Results: During the fentanyl phase, before surgery, both groups behaved similarly, with an increase in SSI after intubation. In the patients receiving esmolol, the SSI reacted to the initial incision (P<0.05), and remained high after trocar insertion (P<0.05). In patients receiving remifentanil, it did not react to the initial incision, but increased after trocar insertion (P<0.05), and it remained lower both after incision (P<0.05) and after trocar insertion (P<0.05).

Conclusion: SSI was higher in patients receiving esmolol.
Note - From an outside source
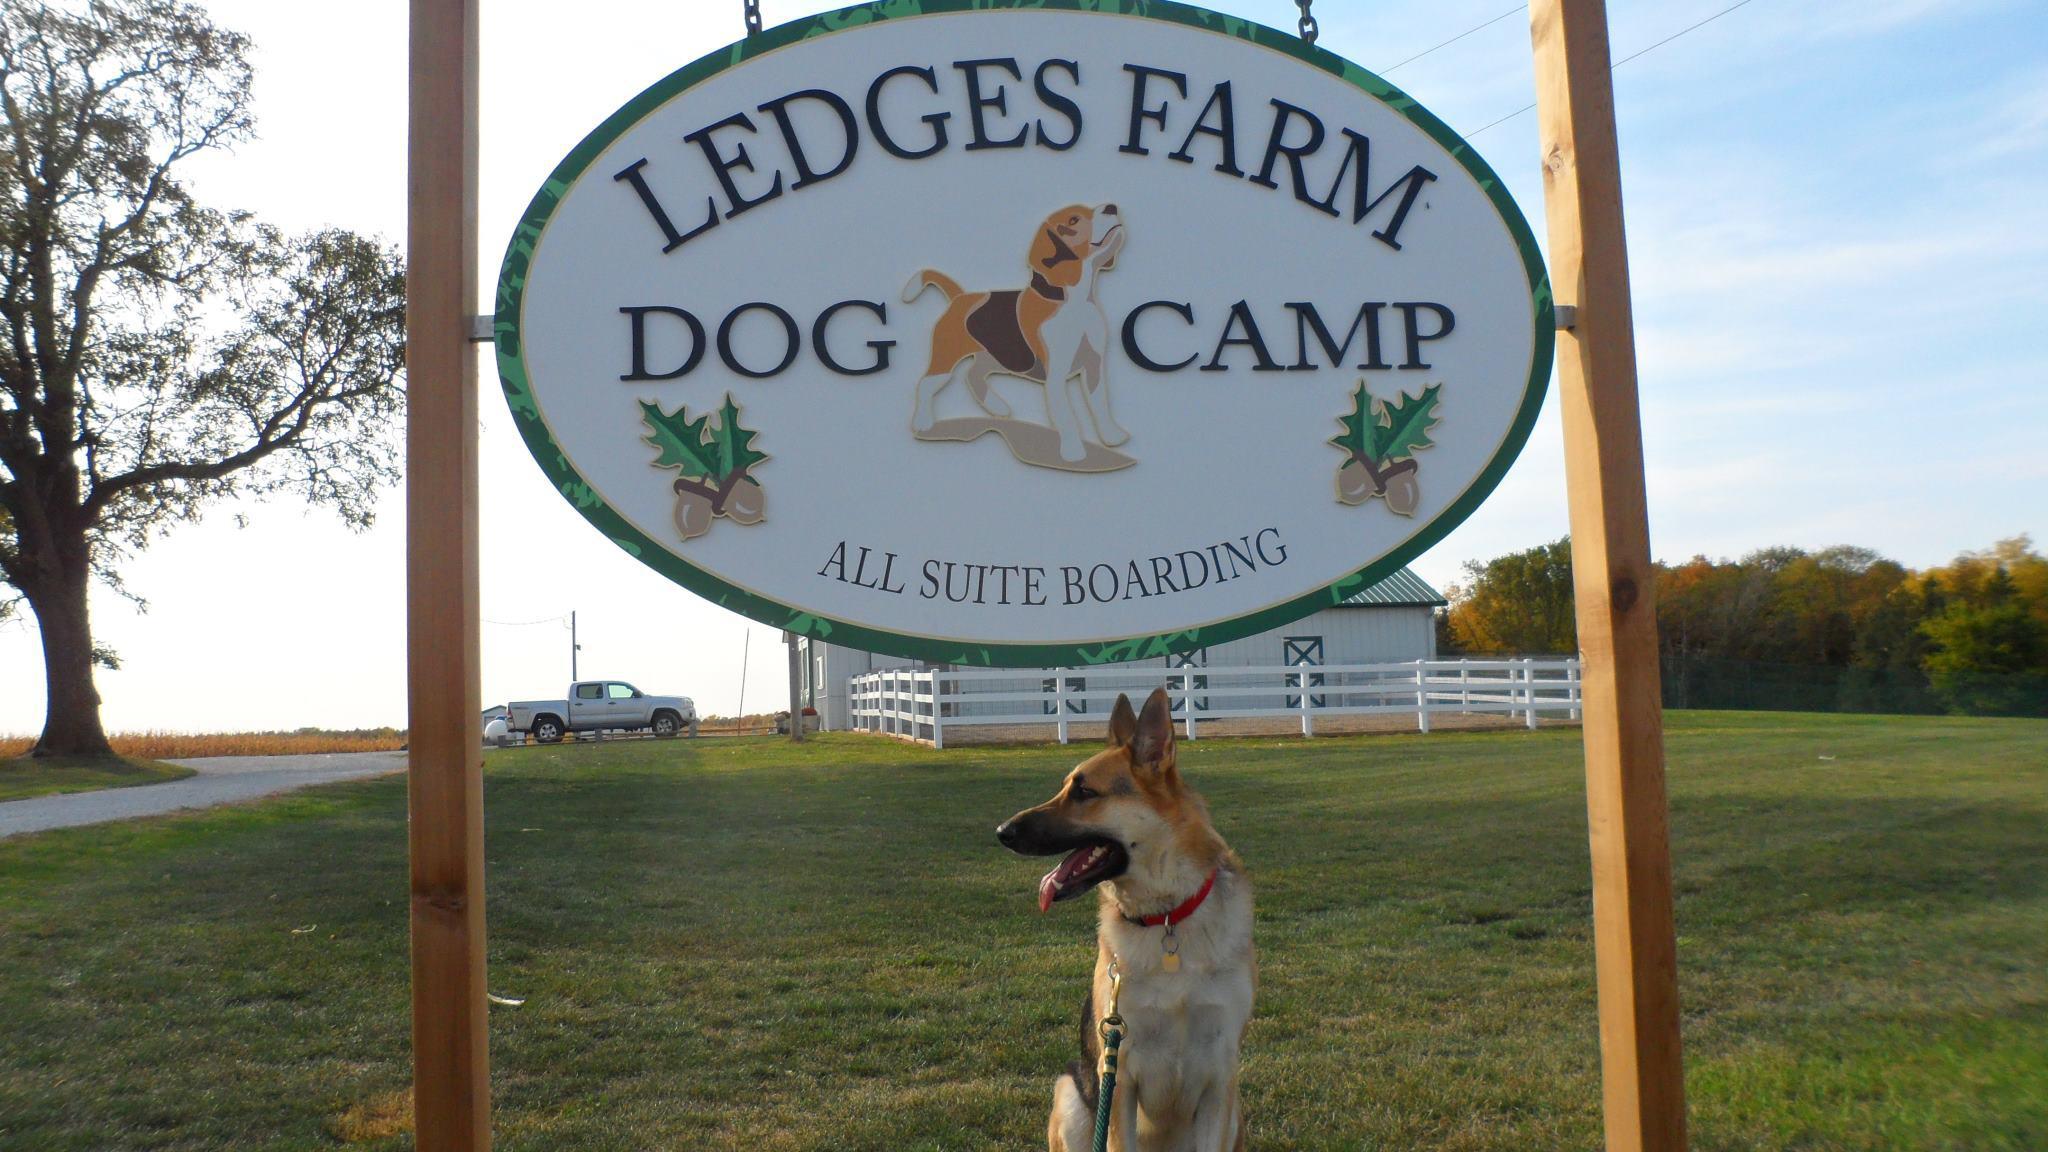 Ledges Farm Dog Camp image 1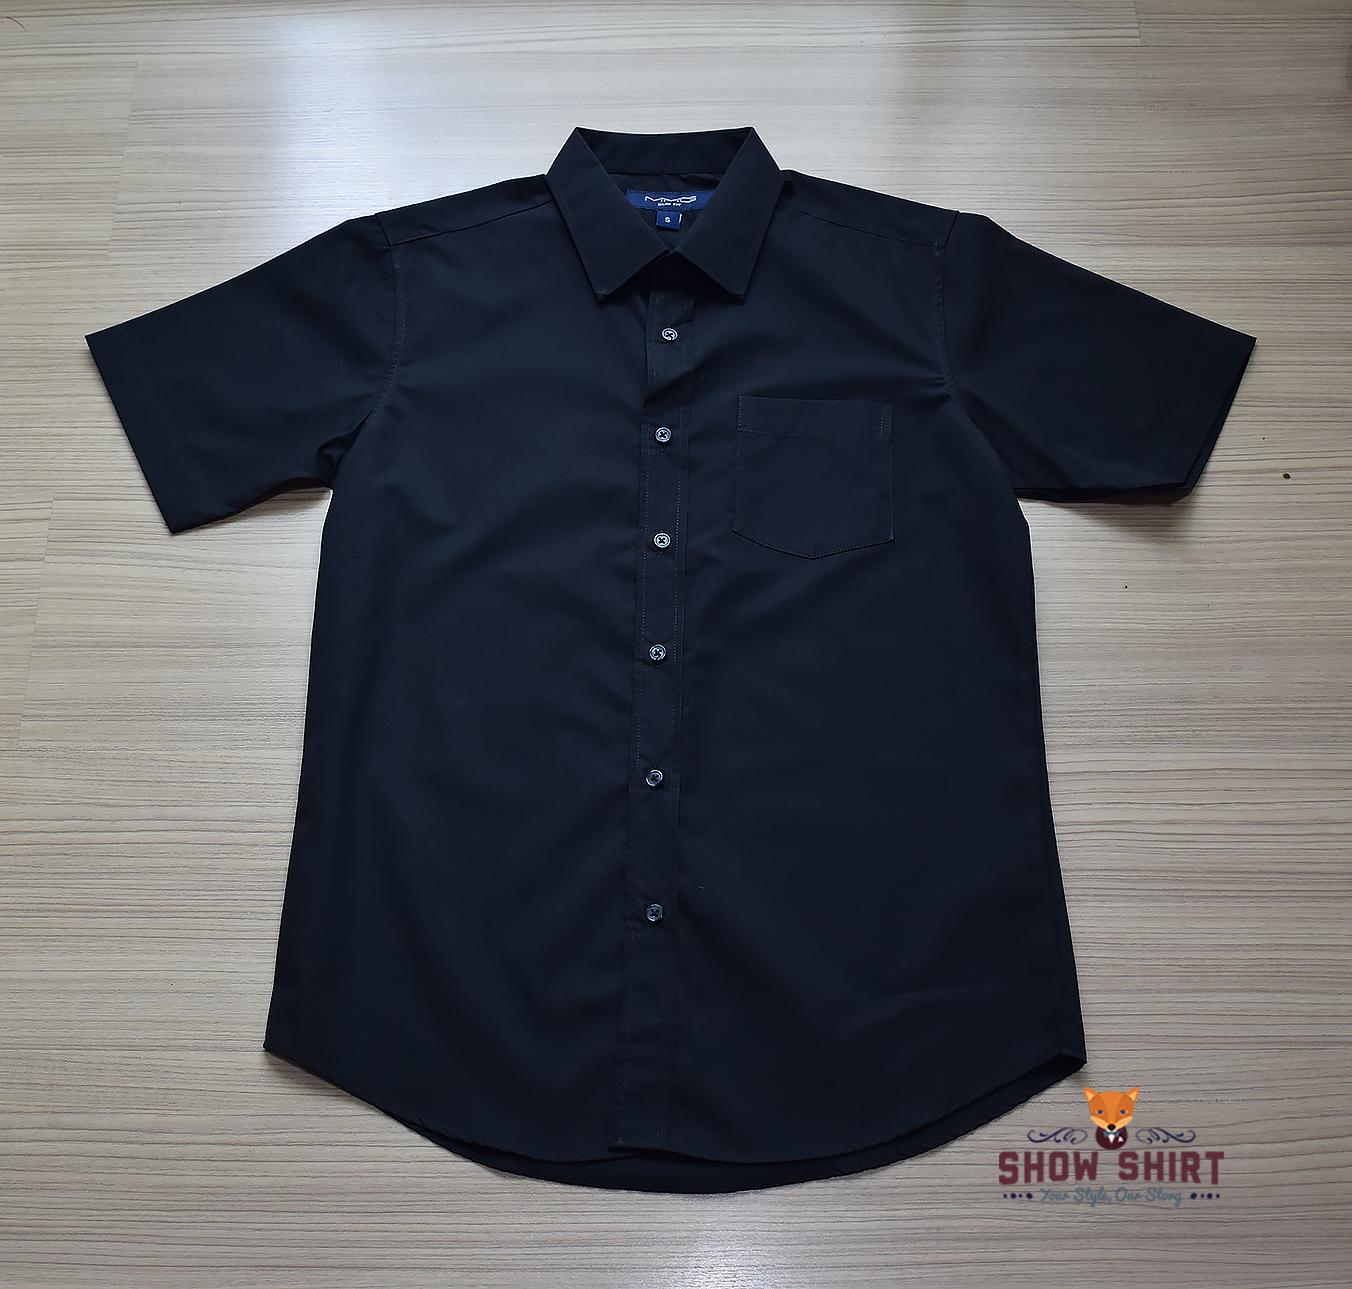 เสื้อเชิ้ตแขนสั้น สีดำ

The index seems to reflect the level of surgical stress and may help guide the use of opioids during general anaesthesia.

Keywords: adrenergic ß-antagonists, esmolol; analgesia, opioid, remifentanil; monitoring, depth of anaesthesia; surgery, laparoscopy; surgical stress index, nociception


{dagger}Declaration of interest. Dr Ahonen and Dr Jokela have received a data-collecting program from GE Healthcare for their previous study (Valjus, et al. Acta Anaesthesiol Scand 2006; 50: 32–9). Dr Uutela and Dr Huiku are employees of GE Healthcare, Finland. The salaries of the study nurses were paid by GE Healthcare, Finland.